Each one still builds trust through truth.

Example:

I kept telling myself I couldn’t post until everything was perfect.
The logo, the tagline, the website copy — all of it.

What I didn’t realize was that “perfect” was just another word for “stuck.”

The shift came when I decided clarity would come from action, not before it.

I started showing up with what I had. 
Each post sharpened my message. 
Each conversation brought clarity.

Within 30 days, I had more traction than the six months I’d spent behind the scenes.

Proof doesn’t always come from testimonials. 
Sometimes, it comes from the courage to go first.

If you’ve been holding back because you don’t have “proof” yet — let this be it.
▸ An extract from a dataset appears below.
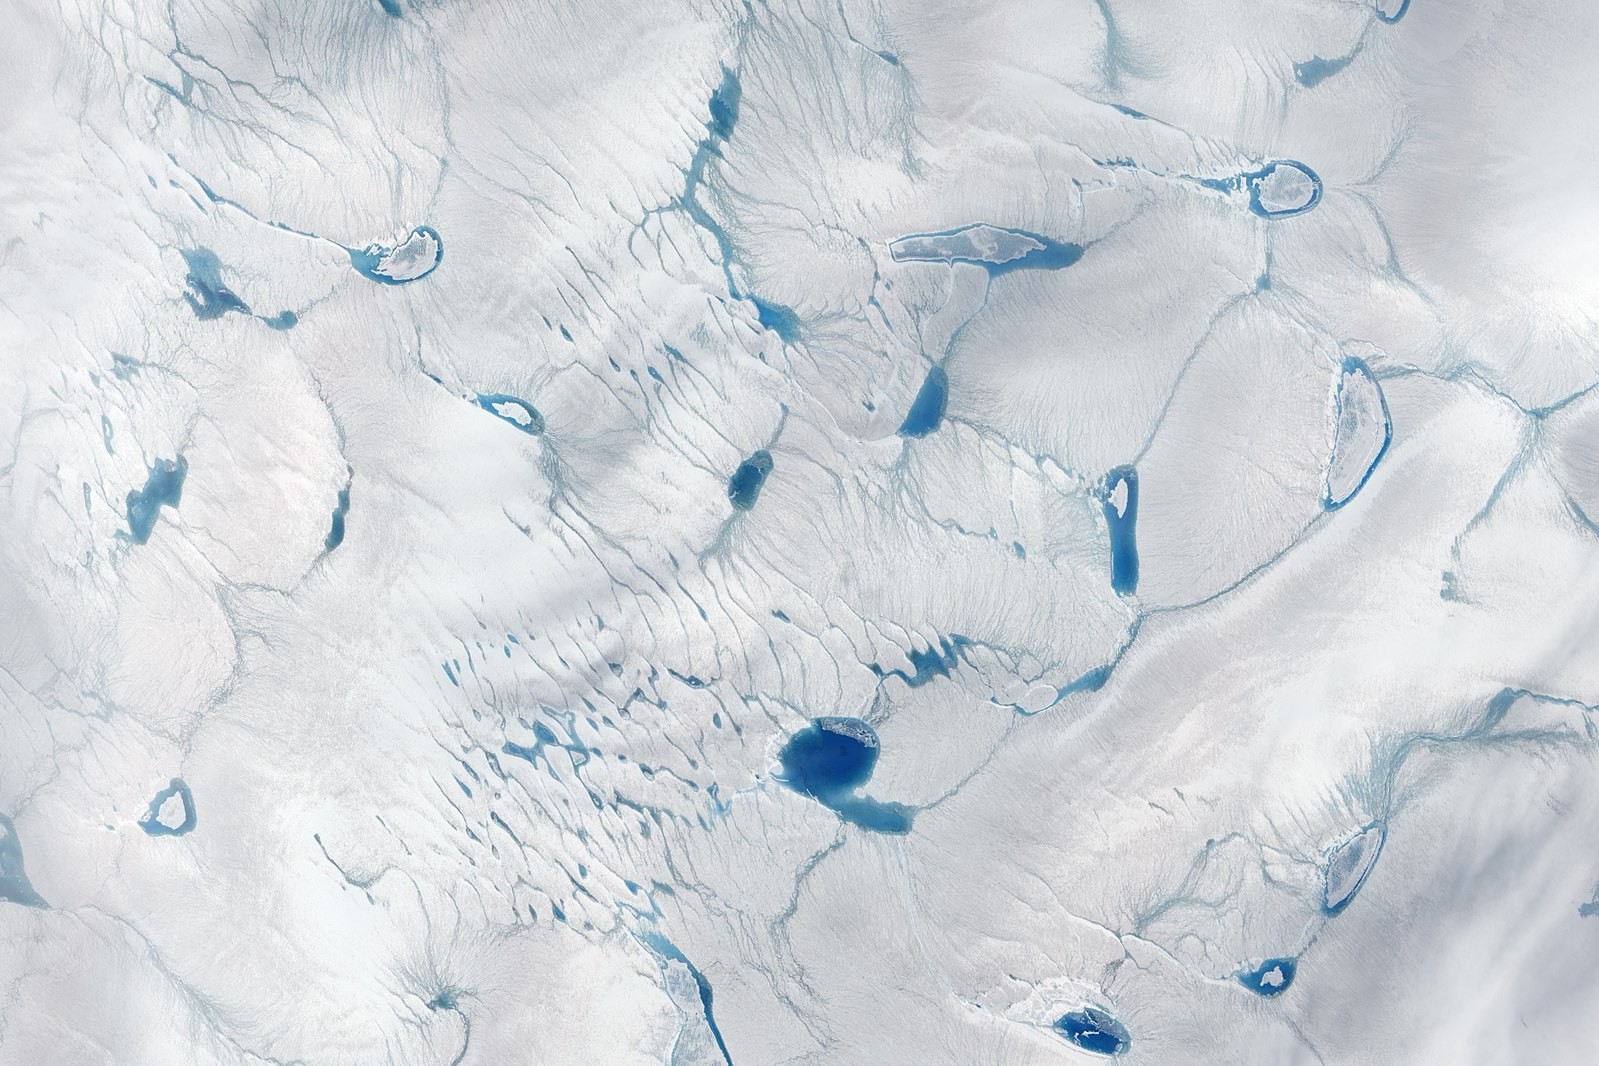 Surface melting on the Greenland Ice Sheet in June 2016. (Image: Jesse Allen/NASA Earth Observatory)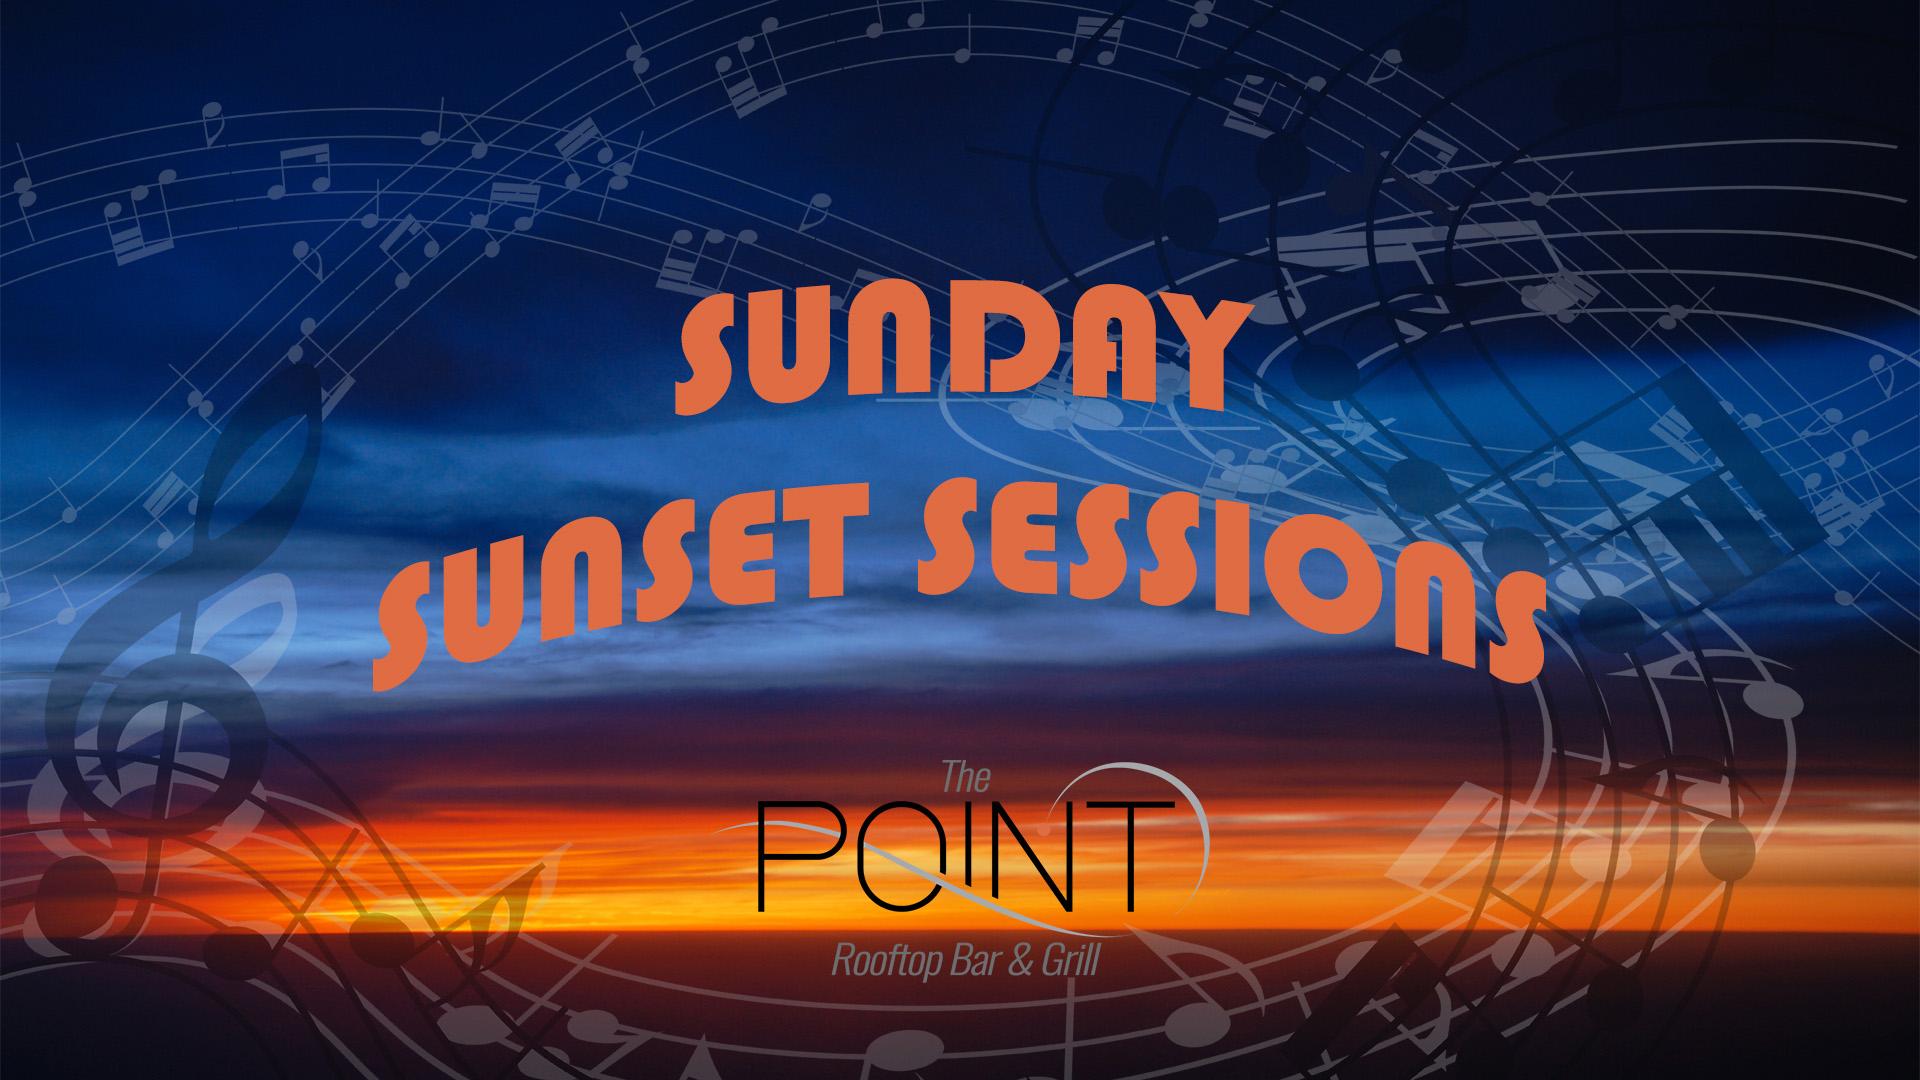 LIVE Sunday Sessions

You’re allowed to start before you’re ready. The story you’re living right now is the social proof.

 Optional Hook Variations

“You don’t need screenshots to prove credibility.”
“Start before you have proof — that’s how you earn it.”
“Proof isn’t always public. Sometimes, it’s progress no one else sees yet.”
“If you’ve ever said, ‘But I don’t have testimonials yet’ — read this.”
“Your own results are social proof — even if they’re still in progress.”